A personalized exercise trainer for the elderly
Article type: Research Article
Authors: Bleser, Gabriele; | Steffen, Daniel | Weber, Markus | Hendeby, Gustaf; | Stricker, Didier | Fradet, Laetitia | Marin, Frédéric | Ville, Nathalie | Carré, Francois
Affiliations: German Research Center for Artificial Intelligence, Department Augmented Vision, Kaiserslautern, Germany. {daniel.steffen,markus.weber,didier.stricker}@dfki.de | Swedish Defence Research Agency (FOI), Department Sensor Informatics, Linköping, Sweden. gustaf.hendeby@foi.se | Linköping University, Department of Electrical Engineering, Linköping, Sweden. hendeby@isy.liu.se | Université de Technologie de Compiègne, UMR CNRS 7338 Biomécanique et Bioingénérie, Compiègne, France. {laetitia.fradet,frederic.marin}@utc.fr | CIC-IT Inserm 804, Rennes, France. {nathalie.ville,francois.carre}@univ-rennes2.fr
Note: [] Corresponding author. E-mail: gabriele.bleser@dfki.de.

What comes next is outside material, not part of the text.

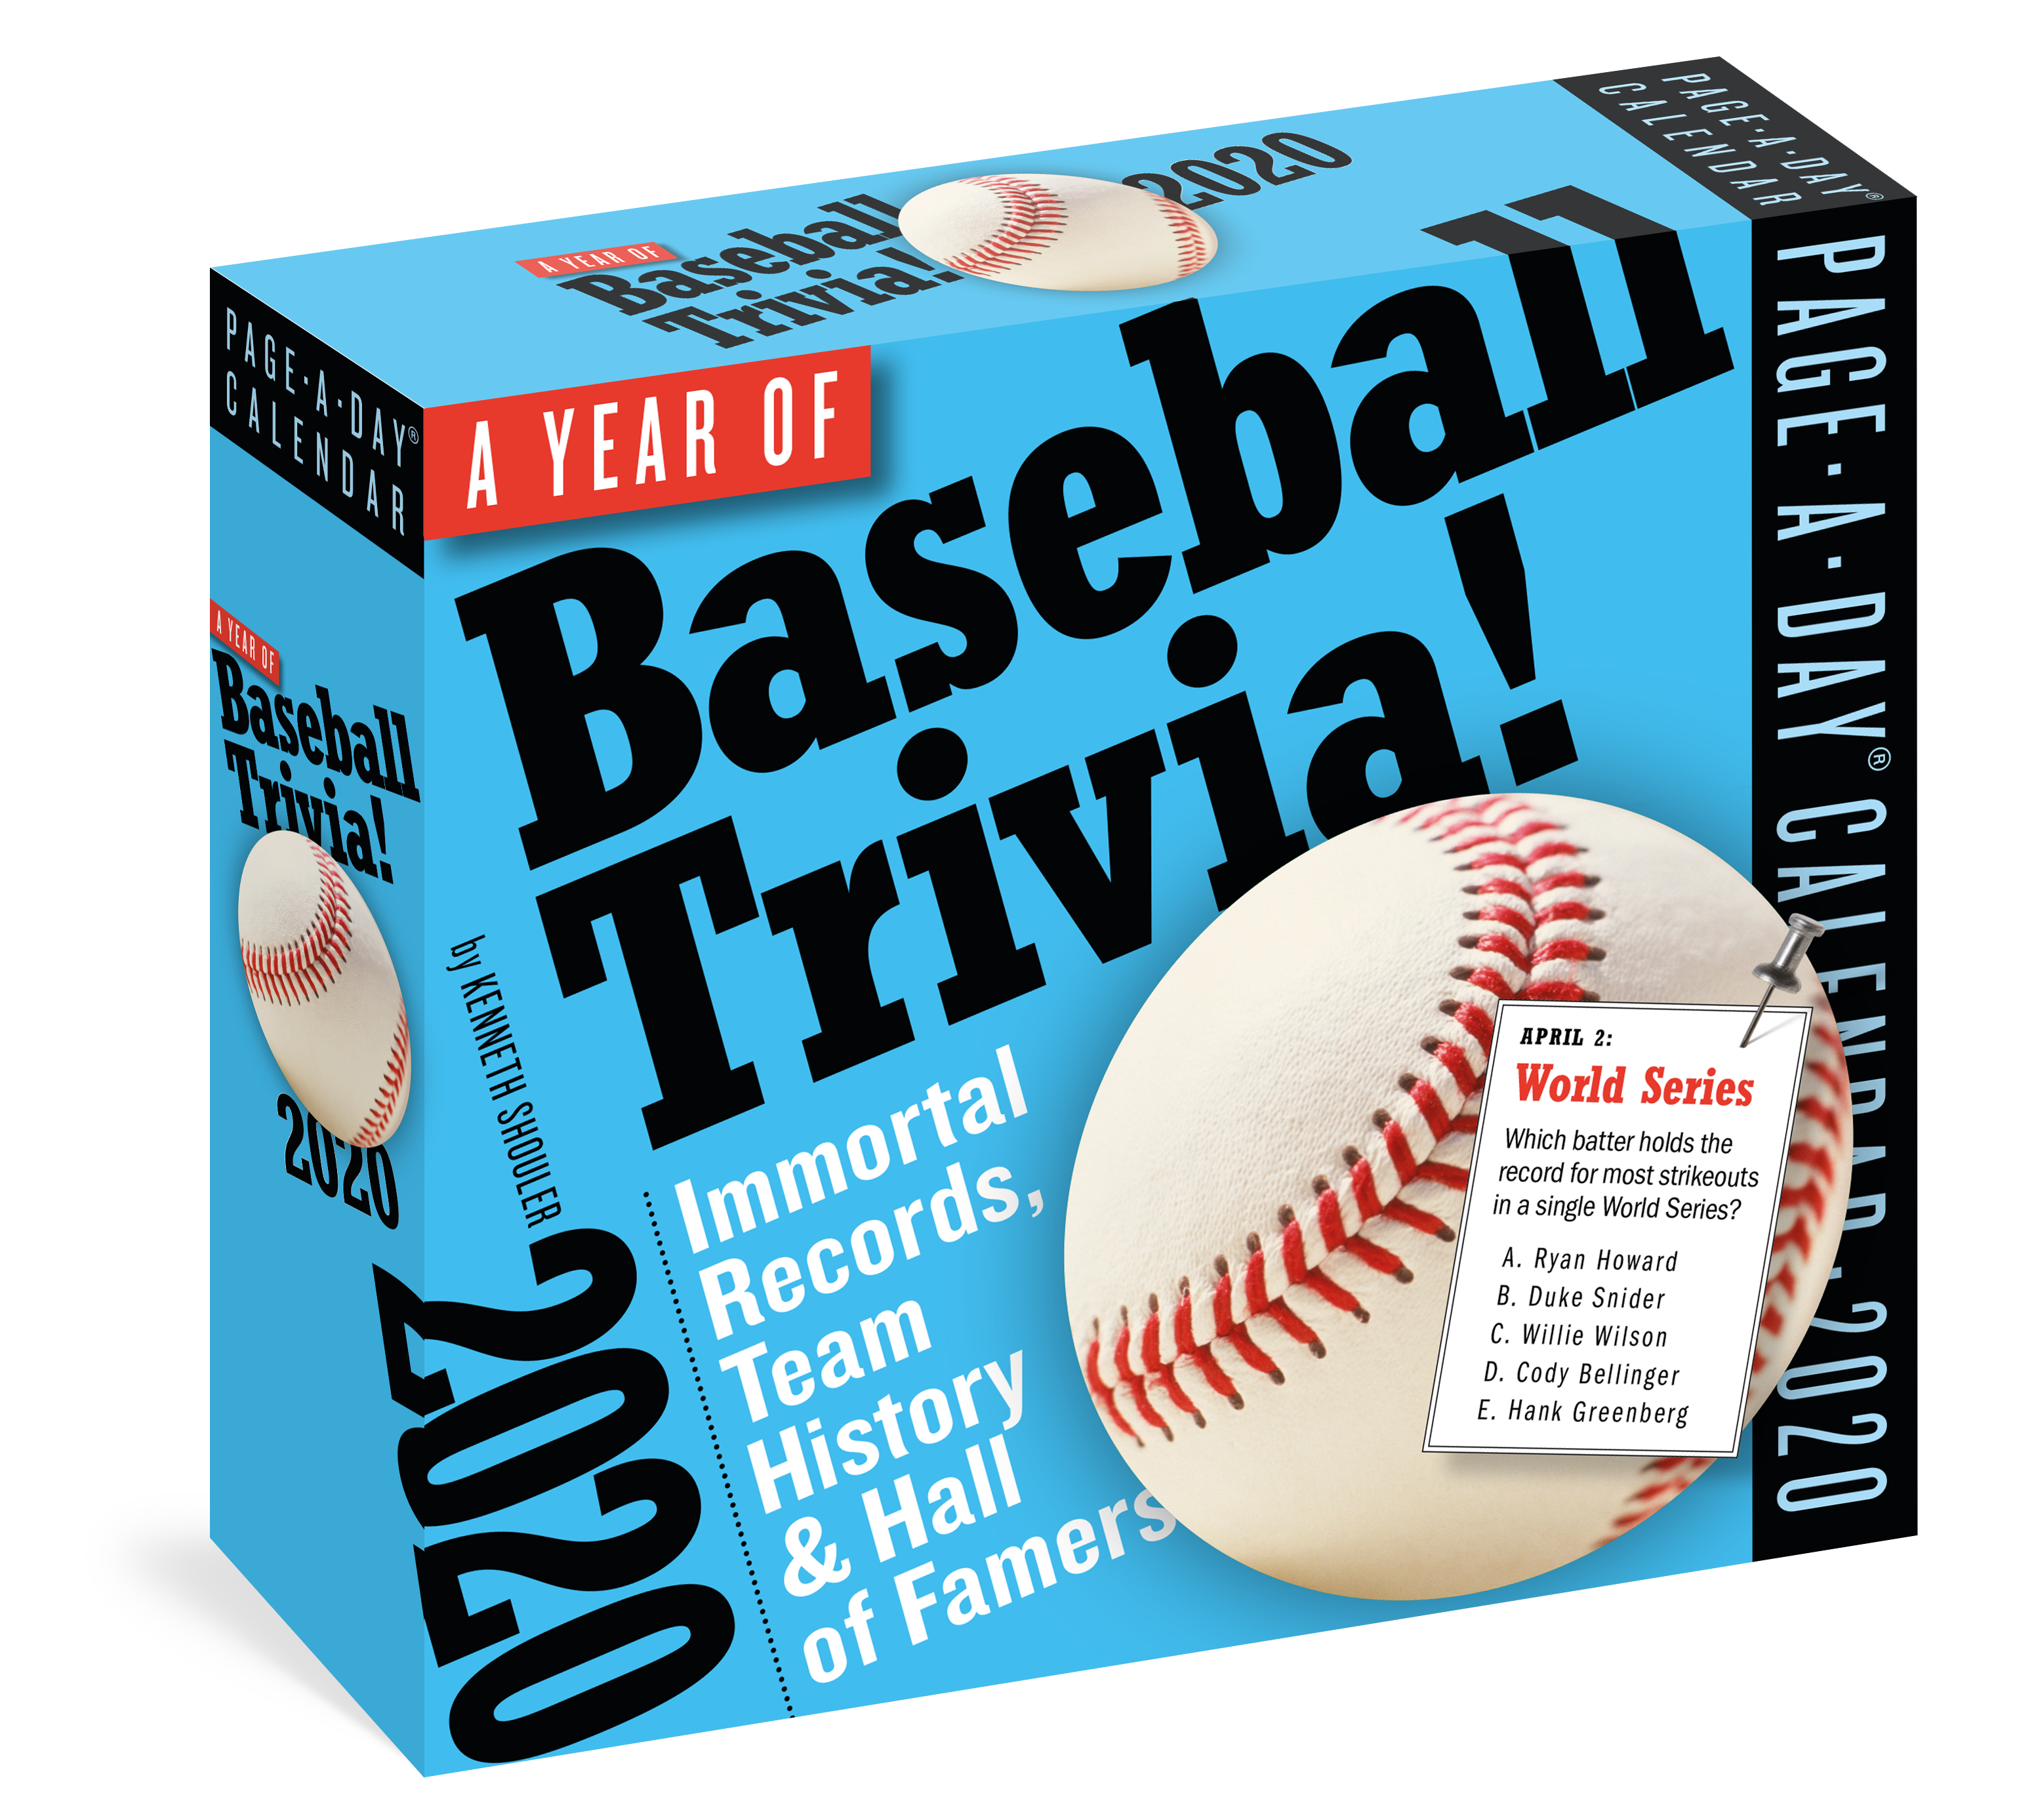 Baseball Calendar 2020 A Year of Baseball Trivia! Page A Day Calendar 2020   Workman

Abstract: Regular and moderate physical activity practice provides many physiological benefits. It reduces the risk of disease outcomes and is the basis for proper rehabilitation after a severe disease. Aerobic activity and strength exercises are strongly recommended in order to maintain autonomy with ageing. Balanced activity of both types is important, especially to the elderly population. Several methods have been proposed to monitor aerobic activities. However, no appropriate method is available for controlling more complex parameters of strength exercises. Within this context, the present article introduces a personalized, home-based strength exercise trainer designed for the elderly. The system guides a user at home through a personalized exercise program. Using a network of wearable sensors the user's motions are captured. These are evaluated by comparing them to prescribed exercises, taking both exercise load and technique into account. Moreover, the evaluation results are immediately translated into appropriate feedback to the user in order to assist the correct exercise execution. Besides the direct feedback, a major novelty of the system is its generic personalization by means of a supervised teach-in phase, where the program is performed once under supervision of a physical activity specialist. This teach-in phase allows the system to record and learn the correct execution of exercises for the individual user and to provide personalized monitoring. The user-driven design process, the system development and its underlying activity monitoring methodology are described. Moreover, technical evaluation results as well as results concerning the usability of the system for ageing people are presented. The latter has been assessed in a clinical study with thirty participants of 60 years or older, some of them showing usual diseases or functional limitations observed in elderly population.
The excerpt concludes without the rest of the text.